2018 has surprised many investors with a change in focus from economic growth and increased earnings from tax cuts to an emphasis on volatility repricing.  Most equity factor and sector styles generated negative returns for the first quarter with the only exception being emerging markets and growth. The only positive price-based signals are within the growth sector.












Equity sectors were also generally negative with technology and consumer discretionary as the only two sectors that have generated year to date positive returns. Our moving average and breakout signals only show positive signals in utilities and real estate as bond markets rallied in the second half of the month.











Country equity ETFs showed some large dislocations with Brazil, Taiwan, and Italy being strong performers. Canada and Australia were negative outliers with poor performance. Surprisingly, the best potential trends are with strong global trade countries such as Mexico, South Korea, and Taiwan.

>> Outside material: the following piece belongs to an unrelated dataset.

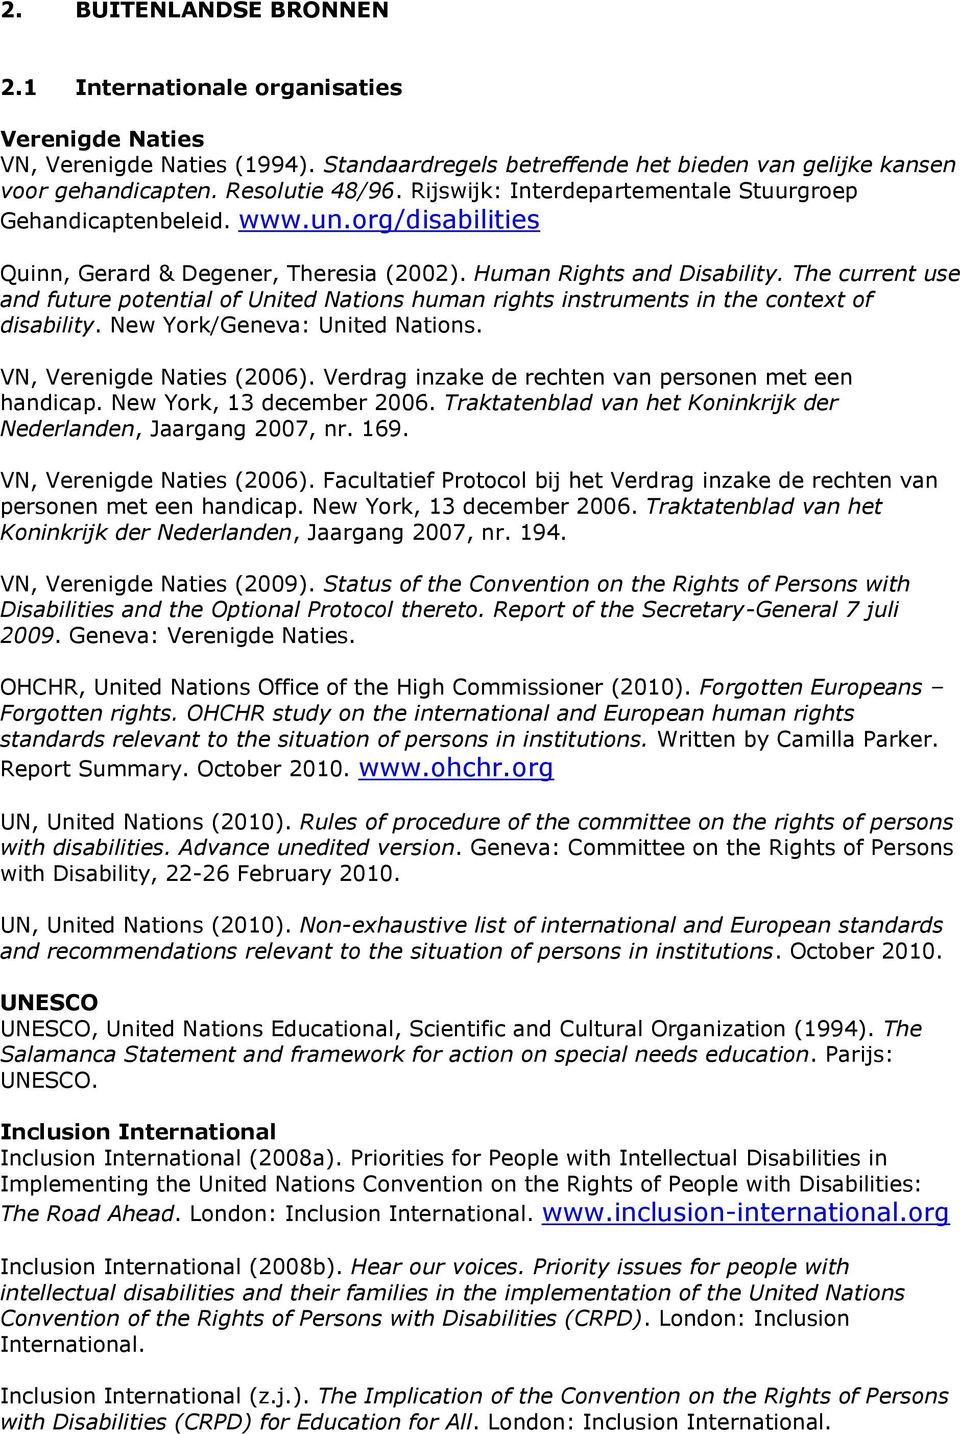 The current use and future potential of United Nations human rights instruments in the context of disability. New York/Geneva: United Nations. VN, Verenigde Naties (2006).

Bond sectors in March showed a strong turnaround in performance relative to last month. Most of the moving average and breakout indicators point to strong bond returns; nevertheless, long duration and credit have underperformed in the first quarter and the only positive sector for the year has been developed international bonds.










The first quarter of the year has generated poor return performance across all asset classes as higher volatility forced a repricing of risk by investors. Markets are seeing a rotation from risky assets to less risky with bonds looking more attractive this month.